NIST CSF 2.0 Takes a Major Step to Recognizing Cyber Risk as Business Risk

The National Institute of Standards and Technology (NIST) recently introduced the NIST CSF 2.0 update to its popular cybersecurity framework -- and firmly placed cyber risk as business risk with the addition of the Govern function to the original five pillars. 

As the home of Factor Analysis of Information Risk (FAIR™), the standard for quantifying cyber risk in the economic language of business, the FAIR Institute welcomes this framework update as an important step forward for the cyber risk management profession.

Nick Sanna 2Nick Sanna is President of the FAIR Institute

The NIST CSF launched ten years ago as a guide for critical industries, and long had a strictly technical approach focused on security controls. The FAIR community viewed the framework as an excellent list of best security practices, but little guidance for empirically measuring and prioritizing risk remediation efforts in a business context. 

Then, in 2019, the mapping of FAIR to the CSF as an Informative Resource for defining and measuring cyber risk, confirmed that risk and security teams can confidently employ FAIR quantitative risk management alongside the other NIST CSF framework activities.

The New Govern Function in NIST CSF

NIST CSF 2-0NIST added Govern as the first of the six functions (the original five were Identify, Protect, Detect, Respond, and Recover), defined as “The organization’s cybersecurity risk management strategy, expectations, and policy are established, communicated, and monitored.”

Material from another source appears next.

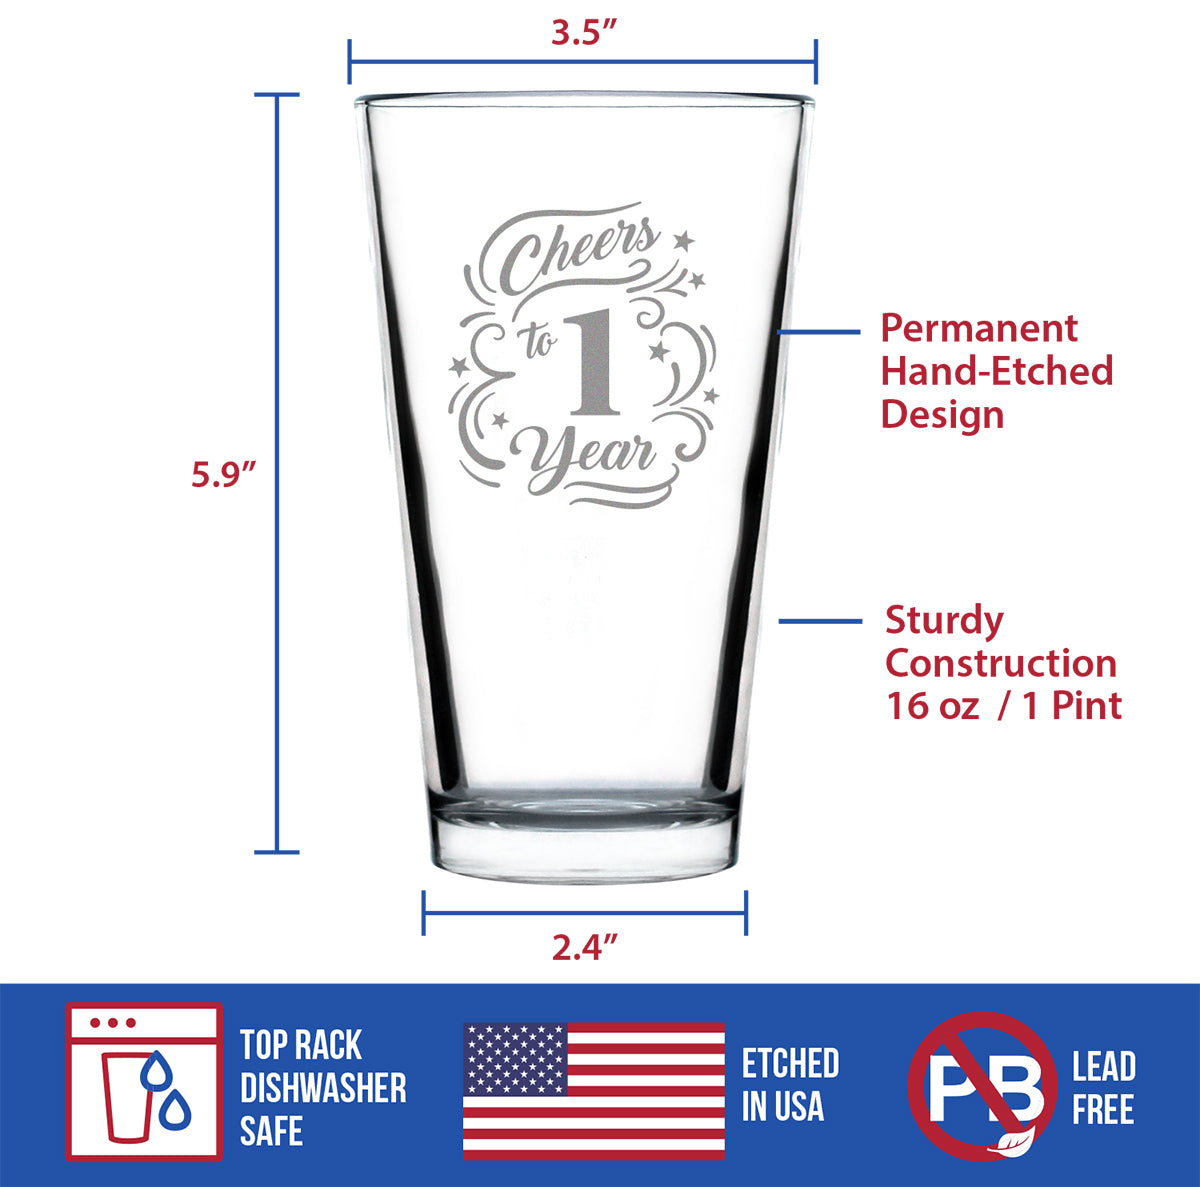 Cheers to 1 Year - Pint Glass for Beer - Gifts for Women &amp; Men - 1st Anniversary Party Decor - 16 Oz Glasses

In effect, NIST lifted cybersecurity risk to a board level, whole-of-business concern. That’s very much in line with the direction of trends in corporate governance, such as the NACD Director’s Handbook on Cyber-Risk Oversight, and regulation, notably the new rules from the Securities and Exchange Commission mandating disclosure of practices and processes for cyber risk management. (Read What the New SEC Regulation on Cyber Reporting Means for the Risk Management Profession.)

Key points about the Govern function from the NIST CSF 2.0 Resource and Overview Guide:

 >>Understand and assess specific cybersecurity needs.

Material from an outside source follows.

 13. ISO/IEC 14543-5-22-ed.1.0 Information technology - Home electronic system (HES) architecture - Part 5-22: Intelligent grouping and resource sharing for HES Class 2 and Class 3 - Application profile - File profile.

“Determine your organization’s unique risks and needs. Discuss the current and predicted risk environment and the amount of risk your organization is willing to accept.”

Top risk assessments are a staple for FAIR practitioners, identifying risks that are both the highest probability of occurrence and cost of impact. With risk quantified in dollar terms, organizations can make informed choices on risk treatment and acceptance.

>>Develop a tailored cybersecurity risk strategy

“This should be based on your organization’s specific cybersecurity objectives, the risk environment, and lessons learned from the past and from others.”

FAIR quantitative methods enable organizations to set specific financially-oriented objectives for risk reduction, track progress and benchmark against industry averages.

  >>Implement continuous oversight and checkpoints

Analyze risks at regular intervals and monitor them continuously (just as you would with financial risks).”

The latest FAIR-powered risk management platforms process asset, controls and threat data in real-time, and perform automated risk analyses, enabling continuous cyber risk monitoring.

>>Establish and monitor cybersecurity supply chain risk             management

“Establish strategy, policy, and roles and responsibilities — including for overseeing suppliers, customers, and partners.” 

As recent hacks have painfully demonstrated, an organization’s cyber risk posture is very dependent on the security of its supply chain partners. The NIST CSF 2.0 now clearly states that effective cyber risk management strategies must integrate first and third party risk.

Looking Forward on Cyber Risk Management and the NIST CSF

The FAIR Institute has been actively engaged in suggesting improvements to the Cybersecurity Framework. We made several other recommendations that have not been included in this version 2.0, such as urging NIST to align the framework with FAIR-CAM, the FAIR Controls Analytics Model. “There is now a way to empirically measure control efficacy and risk reduction value,” the Institute wrote to NIST, and “define measurement scales for each of the elements in the framework to reduce ambiguity and improve quality of benchmarking and measurement.”  The Institute completed a major initiative to map FAIR-CAM to the CSF (see Mapping FAIR-CAM to Cybersecurity Frameworks: ‘Compliance Is Going to Radically Change’).

Looking forward to even more improvement in the NIST CSF shouldn’t detract from the significance of 2.0 that aligns with many of our recommendations to more closely support a risk-based approach to cybersecurity versus a predominantly compliance approach. We hope the profession treats it as a guidepost to adopt foundational cyber risk management and governance practices.